Chaque enfant a dans son histoire familiale tout un ensemble de cheminements humains, qui, font partie du développement normal. Depuis la nuit des temps, la famille parfaite n’existe pas, et c’est tant mieux. Famille monoparentale, famille recomposée, adoption, procréation médicalement assistée ne sont ni un ticket pour l’enfer, ni pour le paradis.

Or, quand le mythe de la procréation parfaite devient loi, celle-ci est transformée en dogme. L’histoire regorge de mythes devenus lois : mythe de la religion parfaite, qui, devenu dogme, a été la cause de morts et de souffrance lors des guerres de religions (mon nom est issu de l’exode de mes ancêtres huguenots qui se sont réfugiés en Ecosse pour fuir les persécutions). Mais aussi mythe du surhomme, qui, mal interprété en dogme, a conduit aux camps de concentration (éradiquer les sous-hommes) et aux lebensborn (faire naître les surhommes).

Car c’est bien là la farce tragique des dogmes du « sur-quelquechose » (sur-procréateur, sur-religion ou sur-homme) : devant l’impossibilité à créer du sur-quelquechose, certaines sociétés discriminent et persécutent ceux qui ont été désignés comme « sous-quelquechose » (ma famille a aussi perdu certains de ses membres aimés dans des camps de concentration).

En quoi la gestation ou la procréation pour autrui seraient une sous-procréation ?
L‘argument invoqué serait l’indisponibilité du corps humain. Au départ, il s’agit bien d’un mythe, introduit par Saint Paul : « notre corps ne nous appartient pas, il est le fruit de Dieu ». Quand ce mythe devint dogme, cela donna par exemple l’interdiction de la dissection des corps par les médecins, l’interdiction des vaccins, l’interdiction des transfusions sanguines, l’interdiction de la contraception ou encore l’interdiction du don de gamètes.
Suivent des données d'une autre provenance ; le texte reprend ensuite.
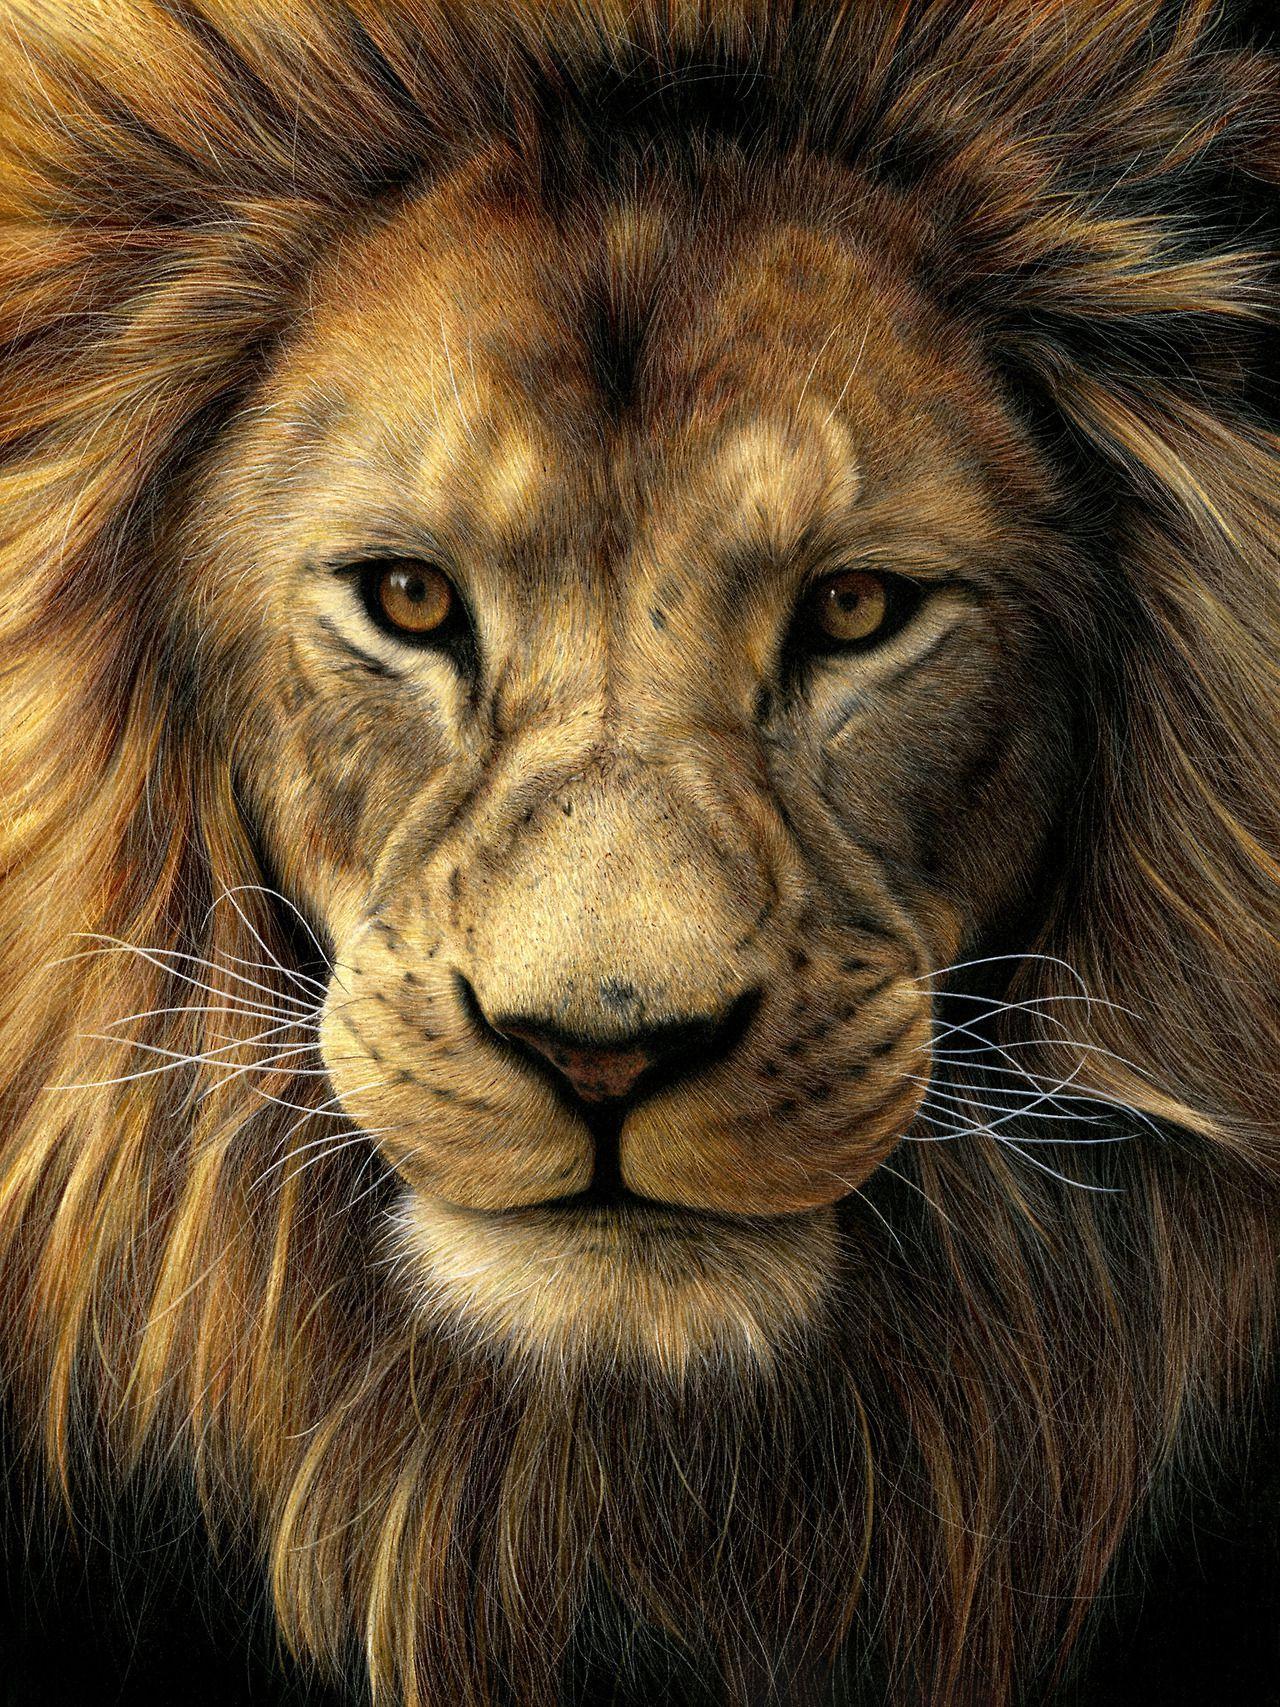 Lion Drawing Color : drawing, color, Drawing, Colored, Pencil, Drawing,, Realistic, Drawings,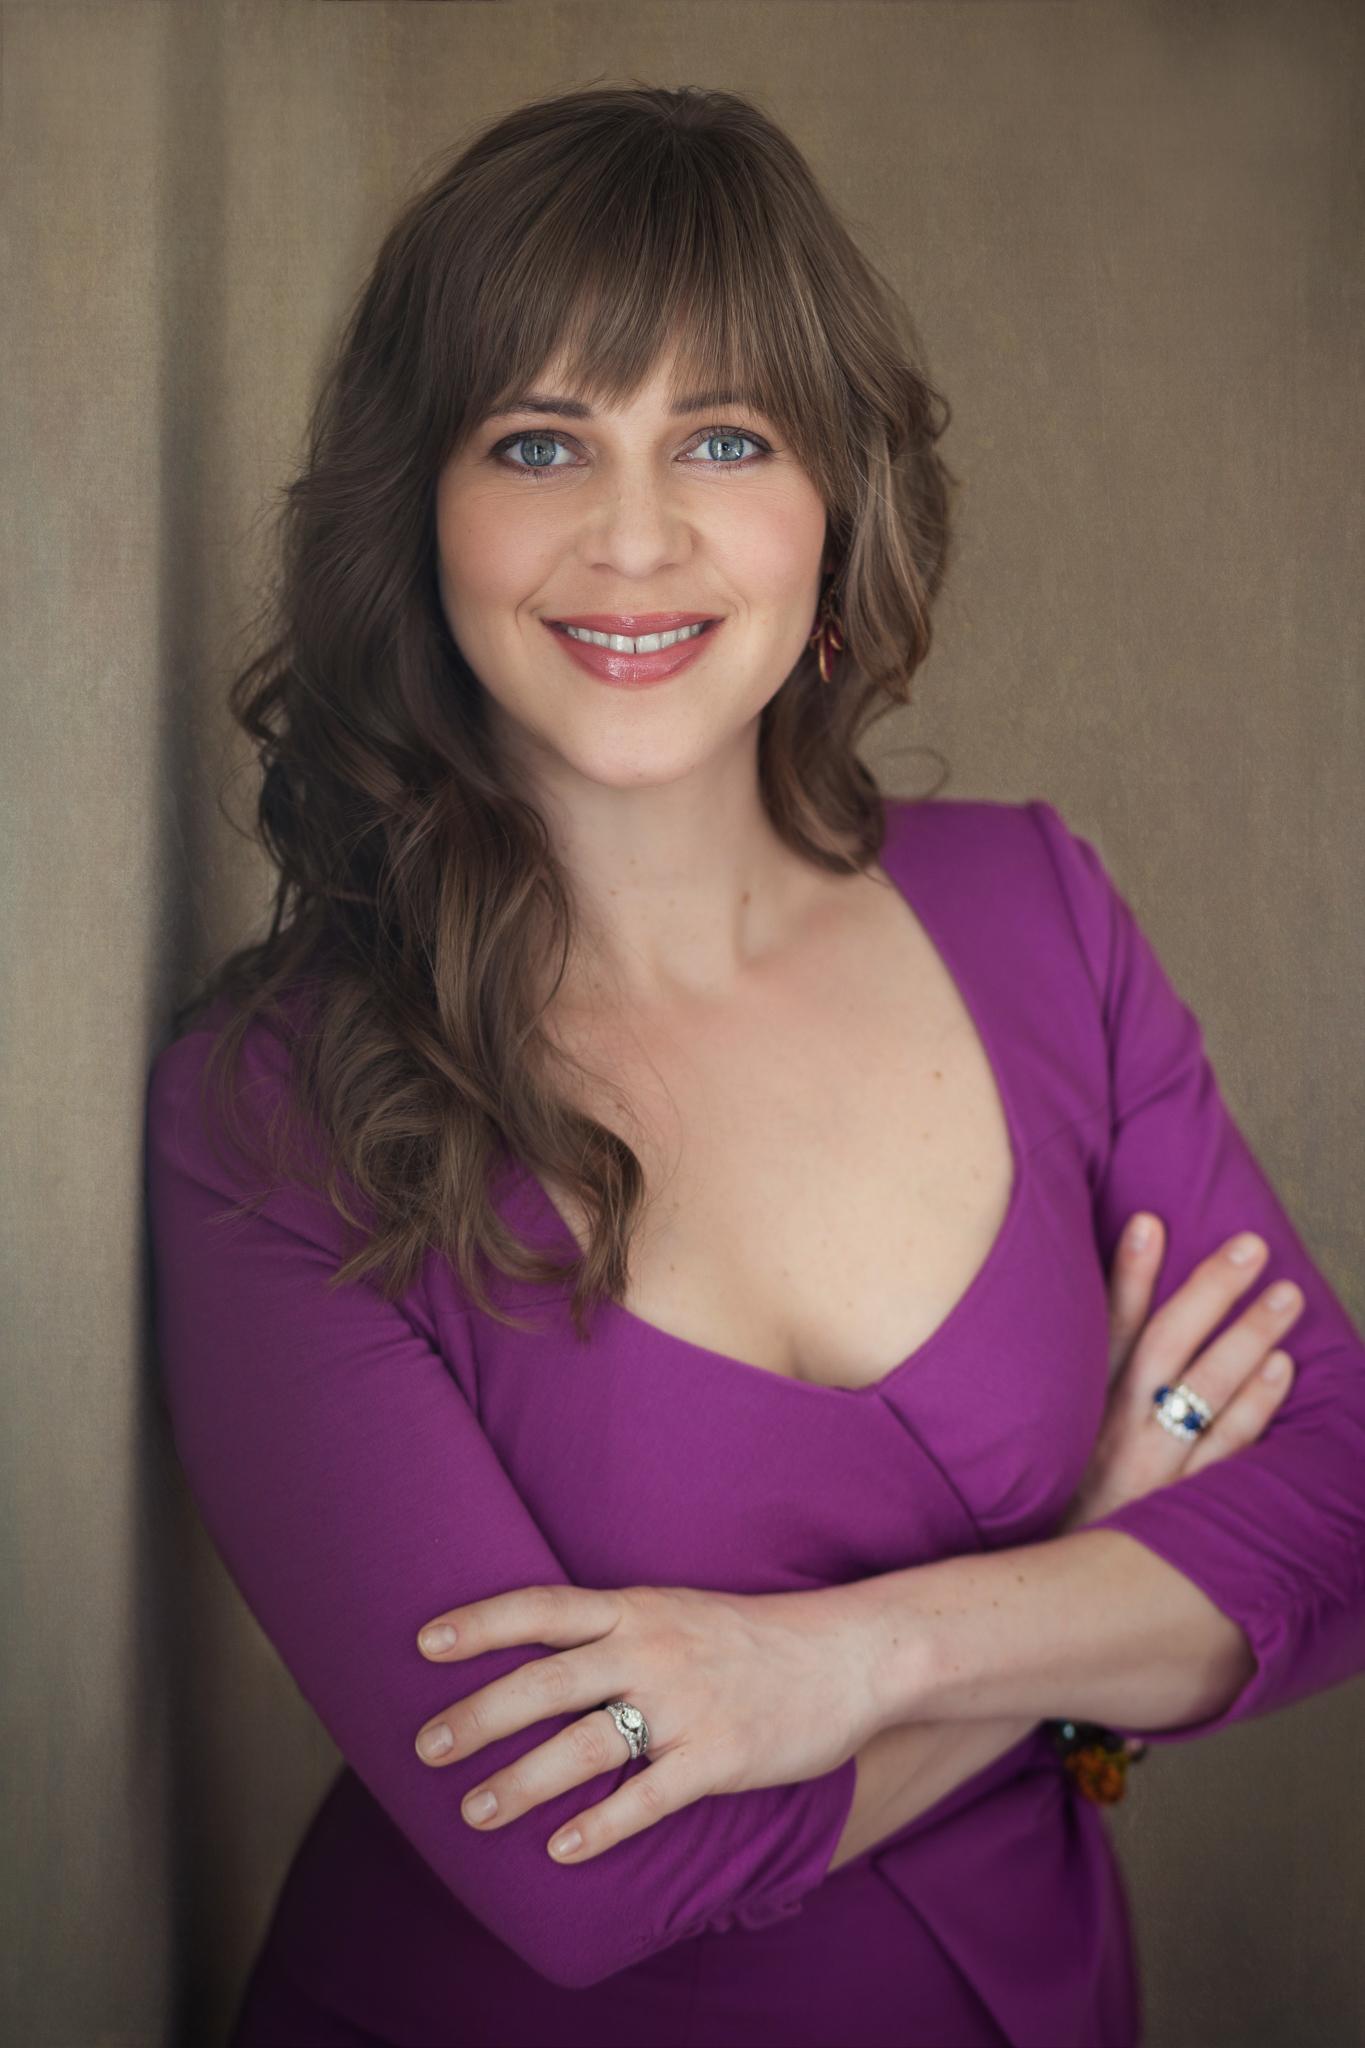 Lisa Damico Portraits │DC Arlington Alexandria Headshot │Executive Coach Headshot

Suivant les époques ou des pays, et donc en fonction des relations entretenues entre l’église et le pouvoir en place, ces dogmes ont eu une durée de vie variable.

La gestation (ou la procréation) pour autrui en serait-elle le dernier exemple ? Entre larmes et ironie, peut-on rappeler que Saint- Paul n’aurait peut-être pas tant d’influence dans notre système légal actuel si Abraham n’avait pu faire appel à une procréation pour autrui, ou encore si Jésus avait été placé en adoption, ses parents la Vierge Marie et Saint Joseph jetés en prison si certaines dispositions actuelles de la loi qui condamne la gestation pour autrui avaient eu cours et avaient été interprétées stricto sensu. Sans compter Rachel, Sarah, etc… exemples dont la Bible s’est fait l’écho.

Dans la gestation pour autrui, on voit bien que les mêmes mécanismes sont à l’œuvre : mythification de la procréation et de la gestation, sanctification de la mère « qui est celle qui accouche » et punition voire bannissement pour toute autre forme de gestation et de naissance.
Pour conclure, citons cet avocat Californien (lors d’une discussion sur l’évolution législative française du concept d’inviolabilité du corps humain issu de la révolution française au concept récent d’indisponibilité du corps humain, qui n’est pas un simple glissement sémantique): « si votre corps ne vous appartient pas, à qui appartient-il ? ».

Les mythes nous rongent… Revenons à la réalité : celle de mettre des enfants au monde, tout simplement, celle qui rend à des femmes leur dignité en les faisant mères lorsqu’elles le désirent, celle qui permet de rendre le bonheur et l’espoir à des couples infertiles qui souffrent, celle qui permet d’accueillir des enfants.